As a result of numerous disclosures by survivors of child abuse committed by representatives of the Catholic Church, the cardinal of Vienna implemented an independent victim protection commission. Survivors were given the possibility of disclosing their experiences of violence and depending on their experience, voluntary financial compensation and psychotherapeutic help were offered (Lueger-Schuster et al. 2014).
795 survivors who were already compensated by the commission were invited to participate in our study, and 448 consented to the analyses of their documents containing all the information derived from interviews with clinical psychologists and psychotherapists about their adverse experiences caused by representatives of the Catholic Church. The sample size was rather satisfying at the time, when data collection took place. Data were collected from August 2011 to May 2012. Of these 448 individuals, 163 (36.4 %) completed a set of clinical questionnaires including information about the time of the first disclosure. 125 (76.7 %) were males and 38 (23.3 %) females; the average age of the participants was 55.73 (SD = 9.34, range = 26–80). Most participants are married or cohabiting n = 98 (60.5 %), while n = 64 (39.5 %) have another relationship status. Most of the participants graduated from an apprenticeship or vocational school (n = 75, 46.6 %), while n = 60 (37.3 %) attended high school or university, and n = 26 (16.1 %) have no compulsory schooling. In comparison to the survivors not participating in the questionnaire survey, there were no significant differences concerning age, gender, marital status or education (all p > .05). The majority of adult survivors (83.3 %) experienced emotional abuse. Rates of sexual (68.8 %) and physical abuse (68.3 %) were almost equally high. The prevalence of PTSD was 48.6 % and 84.9 % showed clinically relevant symptoms (Lueger-Schuster et al. 2014).

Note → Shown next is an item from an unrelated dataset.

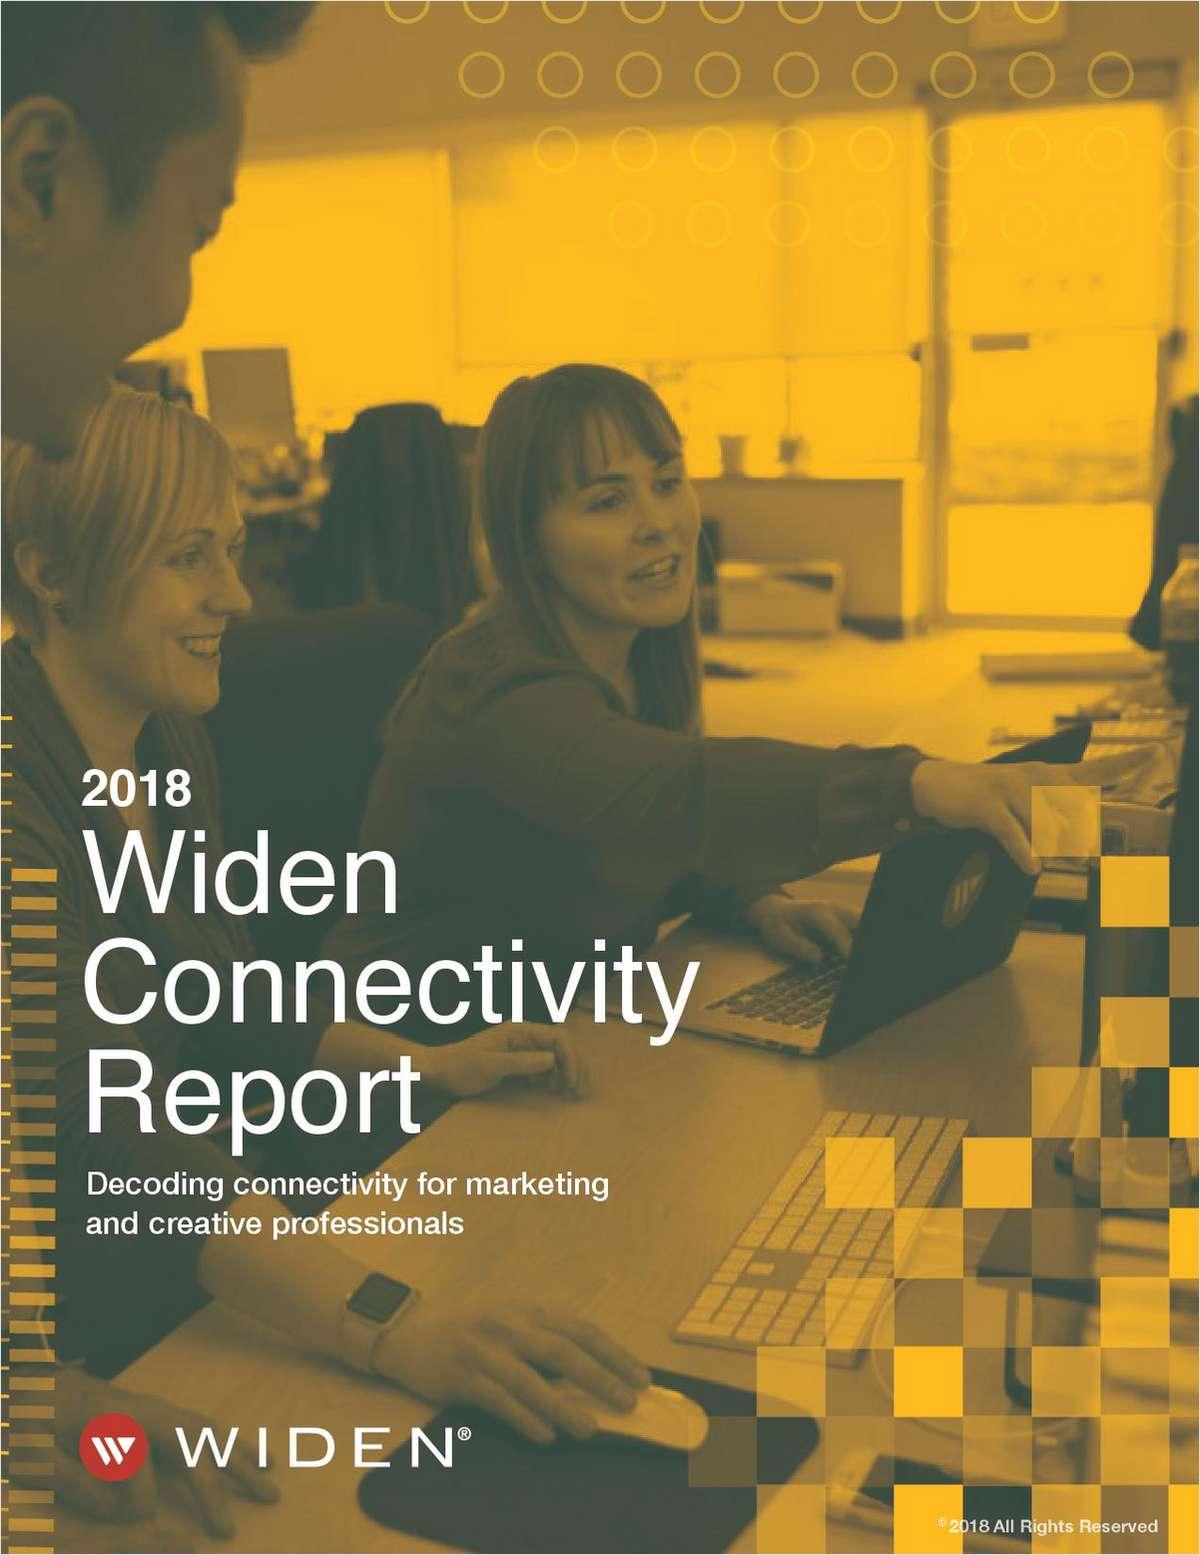 Widen Connectivity Report

The Recalled Perceived Social Support Questionnaire (RPSSQ) was developed by a part of the research team to measure perceived social support after institutional abuse on three time levels, i.e. before the abuse (6 items), right after the abuse (10 items) and today (6 items). The first item of the instrument is “There were people in whom I could trust” for time level 1 (before) and 2 (after) being modified in “There are people in whom I can trust” for time level 3 (today). Specifically, for this study we asked for perceived social support in the time immediately after the onset of abuse. The 10 items measure on a five-point Likert scale (0 = “does not apply to at all” to 4 = “totally applies to”) perception of emotional support, practical support and social integration after the abuse. The score ranges from 0–40 with higher scores indicating a higher level of perceived social support. The construction of the questionnaire was based on questionnaires of Schulz and Schwarzer (Schulz & Schwarzer 2003), and Sommer and Fydrich (Sommer & Fydrich 1989). We obtained a Cronbach’s α = .79 in our sample.
Intensions and emotions during disclosure
The Disclosure of Loss Experience Scale; DLE; (Müller et al. 2011) is a 12-item version of the Disclosure of Trauma Scale (Mueller et al. 2009). It measures intentions to talk and emotions during disclosure on a six-point Likert scale (0 = “I agree not at all” to 5 = “I agree completely”). The DLE includes three subscales (“urge to talk”, “emotional reactions” and “reluctance to talk”) with satisfactory reliability (Cronbach’s α = .77 for the total score and ranged from α = .70 to α = .89 for the three subscales).
The Posttraumatic Stress Disorder Checklist – Civilian Version; PCL-C; (Steine et al. 2012) examines 17 symptoms of PTSD based on the DSM-IV with good psychometric properties to reliably detect PTSD. Participants rate how often they have experienced symptoms in the past four weeks on a five-point Likert scale (0 = “none” to 4 = “very”). Cluster B (Re-Experiencing) consists of 5 items (e.g. flashbacks, nightmares), cluster C (Avoidance) of 7 items (e.g. avoidance of activities, emotional numbing), and Cluster D (Hyperarousal) of 5 items (e.g. being over-alert, being irritable and nervous). The total score ranges from 0–68. For this study, the German translation of the PCL-C (Teegen 1997) was used. Cronbach’s α ranged from α = .84 to α = .88 for the three symptom clusters with a Cronbach’s α = .93 for the total score).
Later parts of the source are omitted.